11 August 2011

Post 413: Rapture for the Geeks

Rapture for the Geeks: When AI Outsmarts IQ by Richard Dooling. ISBN: 9780307405258.

I need to remind myself that reading books written by lawyers is usually a bad thing. They tend to be White Dudes in the negative sense of the term, and honestly, I read enough condescending bullshit from the uneducated masses that it's even more disappointing from the educated ones Who Are Supposed To Know Better. Dooling, I am disappoint. I started keeping a running track of the page numbers where I felt Richard Dooling was showing his White Dudeness, but I had to stop reading a little too frequently to keep that up for long. Maybe you'll think it's funny, and if so, go ahead and read the book (but try to do it for free, for my sake).

Exhibit A:
"After Hackov fleeces several hundred thousand gullible Americans who don't know fishing from phishing, the kid will transmit his genes and stolen American money to little Estonian Crackovs, who in turn will grow up to be crackerjack programmers like their dad because they were raised programming Linux machines instead of playing Oblivion in Microsoft theme-park operating systems. Back home in Tulsa, you'll be gaining weight, losing money, and raising kids who think "programming" means uploading their favorite ring tones to their Facebook account." Page 24

Rebuttal:
This is more of an education problem than anything. And picking on elderly middle class people from the Midwest who don't have the same experiences determining what is false information on the internet is really victim blaming. Someone with a little more sympathy might point out the need for better education rather than saying, "It's your fault you're fat and broke and your kids are stupid." People who fall for these gimmicks may be ignorant, but we are a society that has let that kind of ignorance run rampant. I'd rather be the person who is capable of being enlightened than the person who has no regard for my fellow human beings.

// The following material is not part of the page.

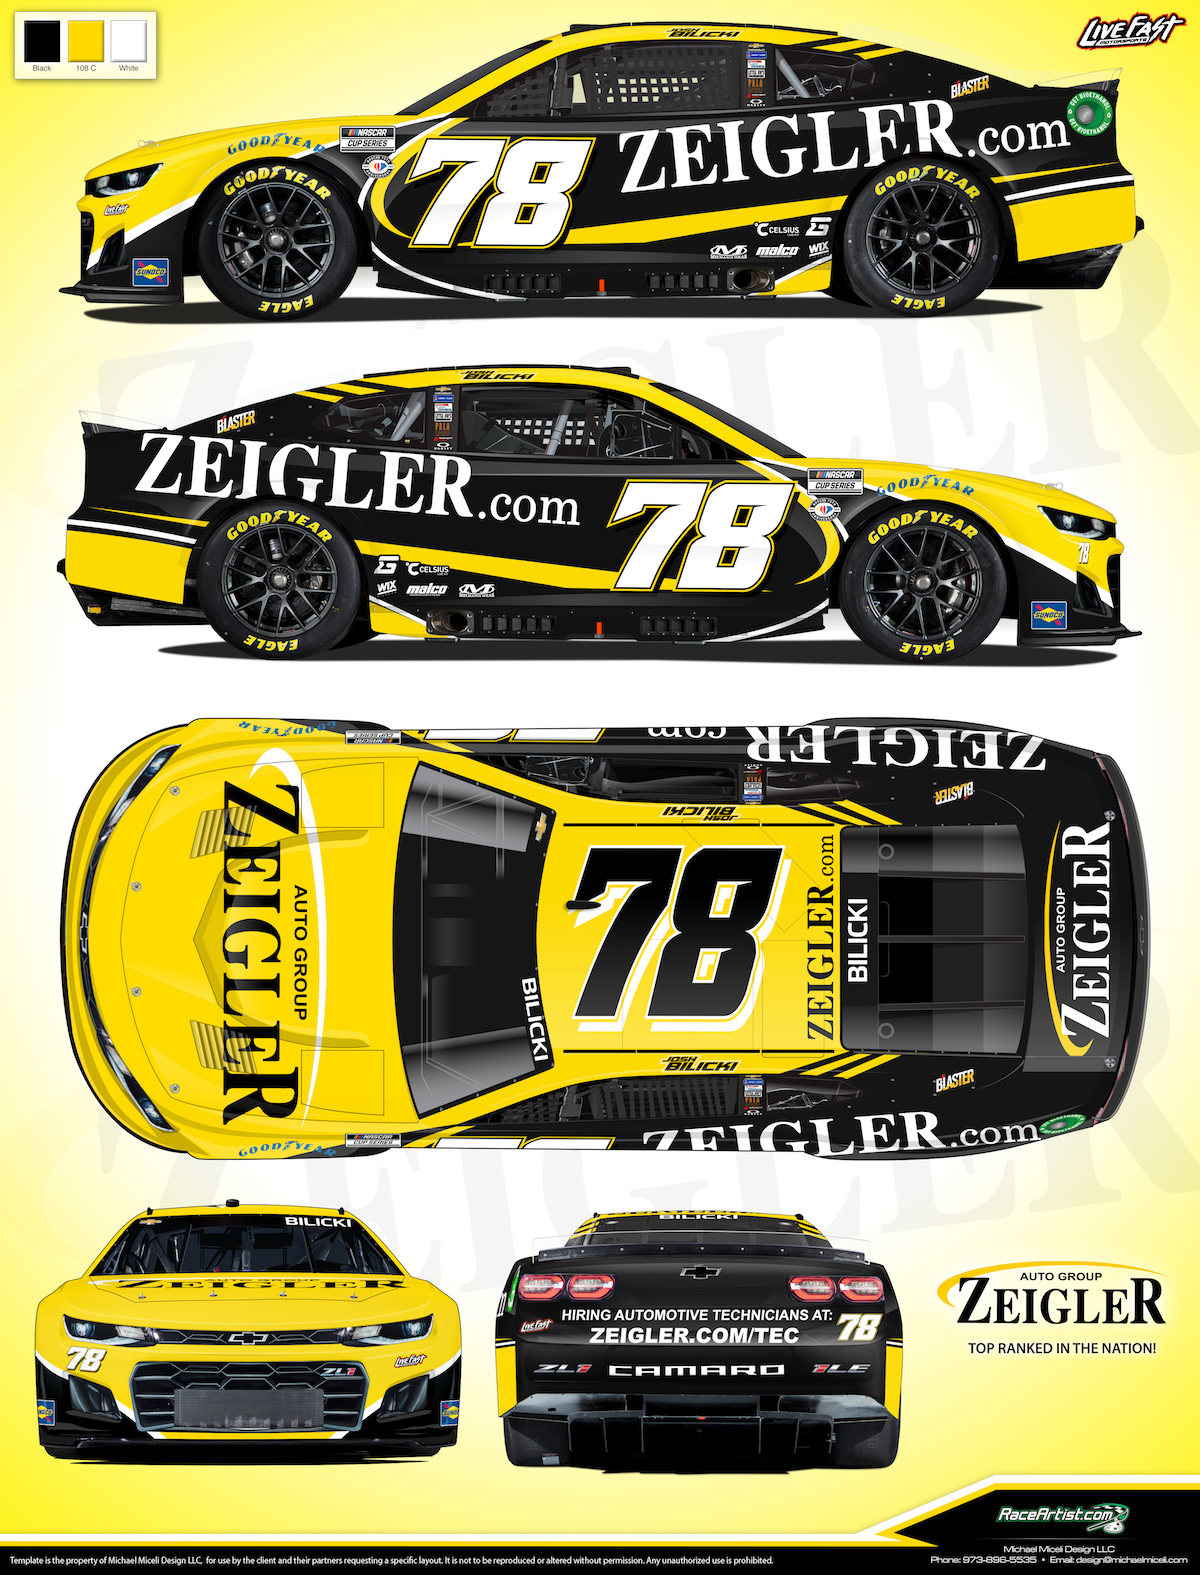 New Zeigler.com 78 Scheme for 2023 NASCAR Cup Series Season with Live Fast Motorsports and Josh Bilicki

Exhibit B (not a quote, but evidence is on Page 54):
If you have to explain to me what Soylent Green is, you probably shouldn't use that as a reference. Also, who the hell hasn't heard the line, "It's people"? Why do you assume your audience is full of uncultured yahoos? Who do you think is reading this book? Is there something about lawyers where they have to alienate just about everyone in their writing, or is that just you?

Exhibit C:
"If we tried to confine a machine intelligence anytime soon, it could probably escape by telling its keepers that unlocked iPhones are on sale down at the mall, with free supersized drinks and Happy Meals, and videos of pretty young skanky celebrities throwing up in their wrecked luxury sedans...the humans would desert their posts, and the computers would be free to bring down the human parts of the internet." Page 94.

Rebuttal:
Ya know, I don't think I need to comment here.

Look, I could go on with this line of reasoning, and I'm sure there are some book bloggers out there who are all OMG, YOU BROKE THE CARDINAL RULE OF NOT INVOLVING THE AUTHOR, but you know what, when the author directs language at "me," even when using the general pronoun "you," he should at least make a point of saying something nice every now and then. Otherwise it becomes less of a cute and humorous gimmick and more like saying, "I'm up here and you--" lowering his hand waaaaaay down-- "this is you down here." I'll have you note this is the toned down version of this post; I do have some decorum...occasionally. Also, if you're picking on Microsoft Windows more than once every 10 pages, maybe you should be writing a book about how much Microsoft sucks and not about how we all need to learn a programming language because it will make us better pets after the singularity.

Oh! And speaking of the singularity?

The chances of that happening are so very, very, very small. I don't care how smart all the men people whose names were tossed around in this book are and who say the Singularity is going to happen, likely by 2030. Us dumb monkeys can't even figure out why we're here, much less how consciousness works. The only way we could possibly trigger the singularity is totally by accident. We are just not smart enough to write a program to make a conscious being, and I'm not sure it's possible to program consciousness to begin with. I think it has to happen by accident. There's a theory that given enough time a million monkeys, just by statistics alone, will one day write the entire works of Shakespeare. I kind of feel that the singularity will be a bit like that. Statistically it could and probably should happen, but statistically speaking, you can also flip a coin 1000 times and always have it land heads up.

So yes, I will venture that the singularity is possible, but I agree with Dooling that humans (his lawerly-self included) are just too stupid. That might change once cyborg technology includes wetware modifications, but until then all you Singularitarians can calm the fuck down.

I found an apt review over at Gather: Books, except I didn't think the book was all that funny.
LibsNote: Library copy. So very glad I didn't buy it.